Thursday 9 July 2020

A Tale of two Dilemmas

       
In the world university rankings, only one British university is in the top 25, which unsurprisingly is Oxford, and is ranked first. Last year’s figures revealed some uncomfortable reading, not just for the University of Oxford but for all universities in the country. Only last year, the National Education Opportunities Network released a report that claimed, ‘Over 50% of universities admit less than 5% of white students from low participation neighbourhoods.’ Oxford, as from last year, had only a 2.73% intake of poor white students, which seems unfair, to put it mildly, and only recently a Cambridge academic tweeted white lives don’t matter. The problem here is if Oxford is ranked first in the world of the official world university rankings, why should they change?
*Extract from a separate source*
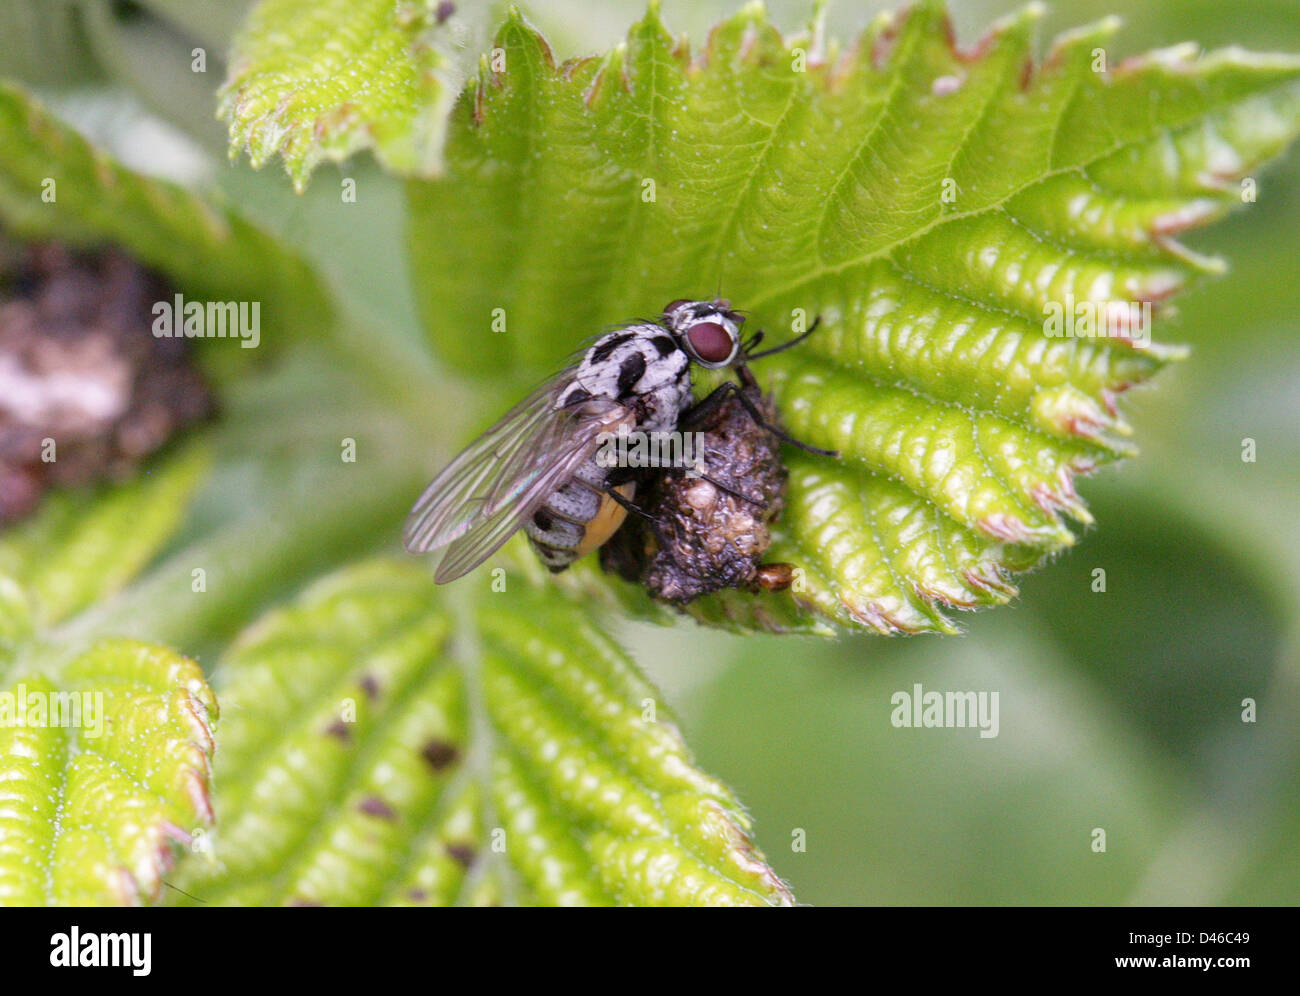 Rain Fly or Root-maggot Fly, Anthomyia procellaris, Anthomyiidae, Diptera. Female. Stock Photo

There are two arguments here. The first is that institutions like Oxford should shed their elitist image and embrace modernity. The other argument is they should do no such thing; for why should they when they are ranked as the best university in the world? The last elected prime minister attending university outside the city of Oxford was Neville Chamberlain. The University of Oxford, however, is not the only university that has such an appalling record when it comes to accepting people from less privileged backgrounds. Bath, Warwick and Aston accept even less than Oxford, the Royal Agricultural University, which, according to the NEON study, takes no poor ‘white participation neighbourhoods,’ Bristol takes only 2.85%, Reading 3.23, Surrey 3.26, Manchester 3.37, and so on.  

There is a counter-argument here for the status quo to continue. The distinguished professor, literary critic and author, Harold Bloom, who passed away last year, was often criticised for his ‘elitist’ approach. Bloom did not argue for the status quo at British universities but what he has said concerns works of literature. The School of Resentment is a term coined by the former Yale professor, a vituperative term. His claim is that literary criticism in universities since the last fifty years favoured the politically correct, student activism, removing the emphasis away from aesthetics in the field of literature. What Bloom thought particularly troublesome were propagators of this, most famously, Michel Foucault, Jacques Lacan and Jacques Derrida, which, so Bloom stated, favoured adding authors from minority groups, basing their merits not on the works they produce but who they are and represent. He also was dismayed at the removal of literary works which contain racism, misogyny and unfavourable views.

Propagators of this practice need not alarm themselves over this as there are very few who are like Bloom, putting this view forward. The relevance to this to the University of Oxford and other universities in England is if the general idea is to protest at Oxford’s elitism to such a degree that we are left with the option of accepting students from poorer backgrounds, from ethnic minority groups, introducing quotas, with that comes the possibility of standards slipping. If it was accepted by the university to accept 25 percent of young people from more diverse backgrounds, but failed to meet the standards of the institution, standards evidently, would slip, and just as Bloom argued, what we are left with is setting a preference of diverse representation over high standards, excellence and ability. 

What we are left with is not one dilemma, but two. If the status quo continues, universities such as Oxford, Cambridge and the LSE will be responsible, as they have been already, for destroying the futures of young men and women who could have, if it were not for this discriminatory practice, gone on to become as successful as many prominent Oxbridge graduates. There needs to be, any rational, sensible and mature person will argue, a balance between the two dilemmas. 

The first of these must be to stop this discriminatory practice and permit students of excellence or the potential of excellence to attend these elite institutions. The second point and equally important is the second dilemma: that the institutions must not take persons from disadvantaged backgrounds merely because they are poor or to appease the school of resentment but to be productive sensible and to be bold and take the principle of the former Yale academic himself and start to prioritise talent, skills, ability, over the new culture that is not emerging but has emerged. Getting the balance right between the two is not merely just important, as people’s futures and even livelihoods depend on it.